Following Stove Fire, Co-insured Tenant Denied Coverage for Contribution Claim

January 3, 2023 / Writing and Speaking

By Don R. Sampen, published, Chicago Daily Law Bulletin, January 3, 2022

The Illinois Supreme Court recently limited the application of a 1992 decision of the court that deemed a tenant to be a co-insured under a landlord’s fire insurance policy. Reversing the appellate court, the Supreme Court’s new decision holds that the tenant’s co-insured status does not obligate the insurer to provide a defense in a contribution action against the tenant.

The case is Sheckler v. Auto-Owners Insurance Co., 2022 IL 128012 (Nov. 28). The tenants, Monroe and Dorothy Sheckler, were represented by Statham & Long LLC of Galesburg. Dinsmore & Shohl LLP of Chicago represented in the insurer, Auto-Owners.

The Shecklers rented residential property from Ronald McIntosh in Pekin. The lease agreement provided that McIntosh would provide fire insurance on the premises and the Shecklers would be responsible for any insurance on their own personal property.

McIntosh procured first-party property coverage from Auto-Owners, under a policy that also provided him third-party liability coverage. The policy listed only McIntosh and his wife as named insureds.

As the result of a gas leak in the stove and range in the Shecklers’ unit, a service technician came to inspect. When the technician temporarily left, one of the Shecklers turned on the stove, causing a fire that resulted in substantial property damage.

Auto-Owners paid to restore the property and then brought a subrogation action against the technician. The technician then filed a third-party contribution action against the Shecklers, who tendered to Auto-Owners. The insurer declined to defend.

The Shecklers subsequently filed a declaratory action against Auto-Owners seeking a determination that it had a duty to defend and indemnify them in the contribution action. The service technician, who was named a defendant in the declaratory action, filed a counterclaim against Auto-Owners likewise seeking coverage on behalf of the Shecklers.

After analyzing Dix Mutual Insurance Co. v. LaFramboise, 149 Ill. 2d 314 (1992), the circuit court found in favor of Auto-Owners. In that case, the Supreme Court found that a tenant was a co-insured under the landlord’s property insurance policy even though not identified as such. As a co-insured, moreover, Dix held that the insurer paying the property loss could not subrogate against the tenant, because an insurer cannot subrogate against its own insured.

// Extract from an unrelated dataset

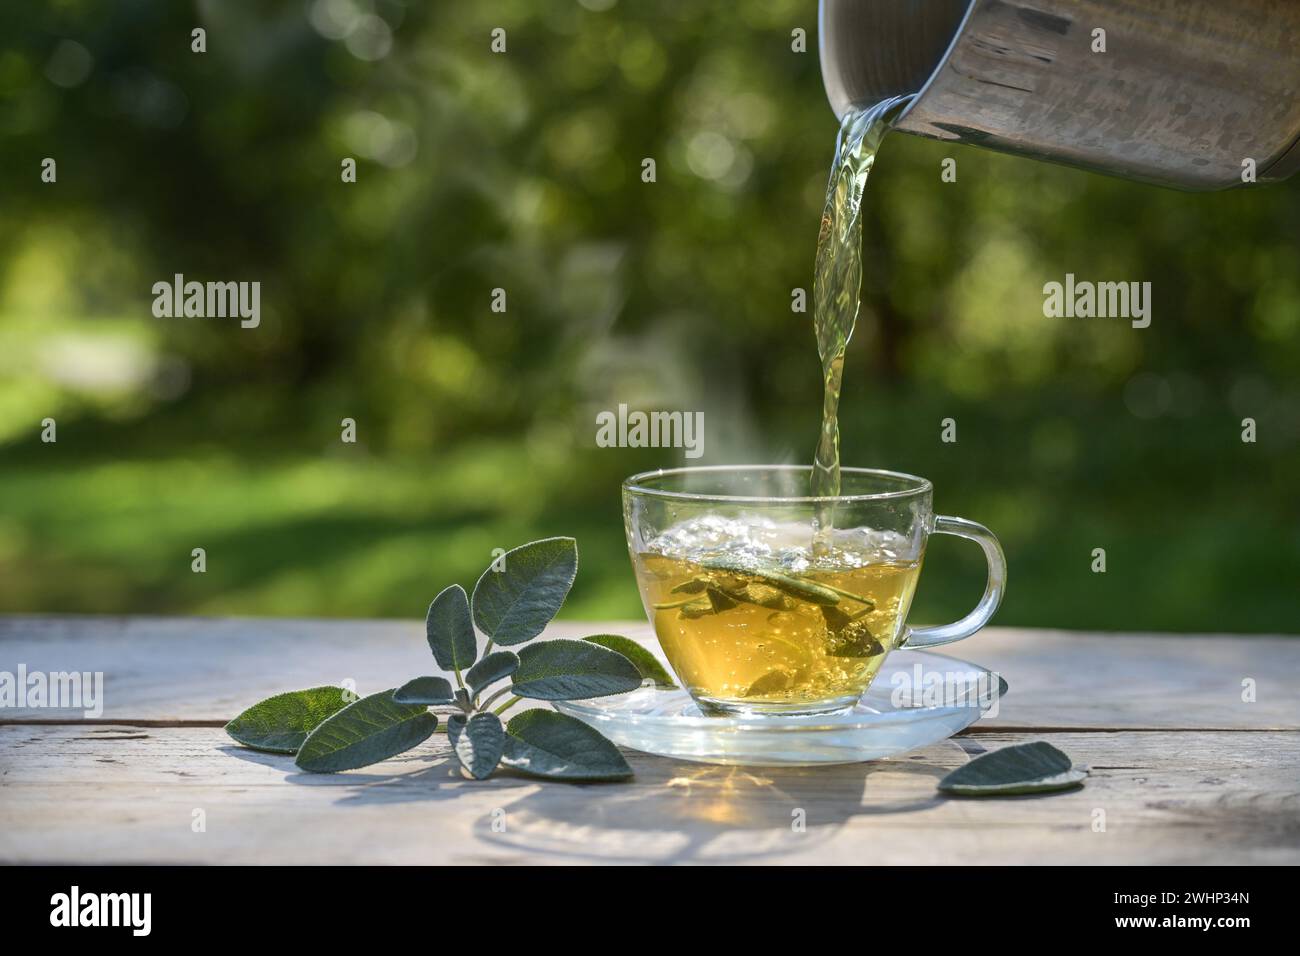 Verter agua caliente en una taza de vidrio con hojas de salvia, té de hierbas saludable y remedio casero para la tos, dolor de garganta y prob digestivo Foto de stock

Hence, because the Shecklers were not being sued for subrogation, the circuit court found Dix inapplicable and held in favor of Auto-Owners.

On appeal to the 3rd District, the appellate court reversed. It said that, according to Dix, the Shecklers were co-insureds under McIntosh’s policy. The appellate court then held that an equitable extension of Dix required Auto-Owners to defend and indemnify the Shecklers in the contribution action by the technician. Auto Owners sought and was granted leave to appeal to the Supreme Court.


In an opinion by Justice Lisa Holder White, the Supreme Court reversed. She wrote that Dix found the tenant in that case to be a co-insured in part by construing the parties’ intention under the lease as exculpating the tenant for fire damage and requiring the landlord to look solely to the insurance policy for compensation for fire damage.

Because the tenant was a co-insured, moreover, White agreed that Dix applied the well-settled principle that an insurer has no subrogation right against its own insured. The insurer in that case therefore could not recover against the tenant on a subrogation theory.

In the instant case, by contrast, while Auto-Owners had sued the technician on a subrogation theory, the technician’s third-party action against the Shecklers was based on contribution, not subrogation. White therefore found Dix to be irrelevant.

In addition, White observed that the Auto-Owners policy did not identify the Sheklers as insureds and the liability portion of the policy covered only claims brought against an insured. Under the policy terms, moreover, even for an insured, an exclusion barred coverage for damage to property occupied or used by the insured.

The Supreme Court therefore concluded that Auto-Owners had no duty to defend or indemnify the Shecklers, and it reversed the appellate court and affirmed the decision of the circuit court.

Key Point

An insurer’s duty to defend or indemnify does not extend to the tenants of insured property against a third-party negligence contribution claim when the tenants are not identified as insureds under the policy.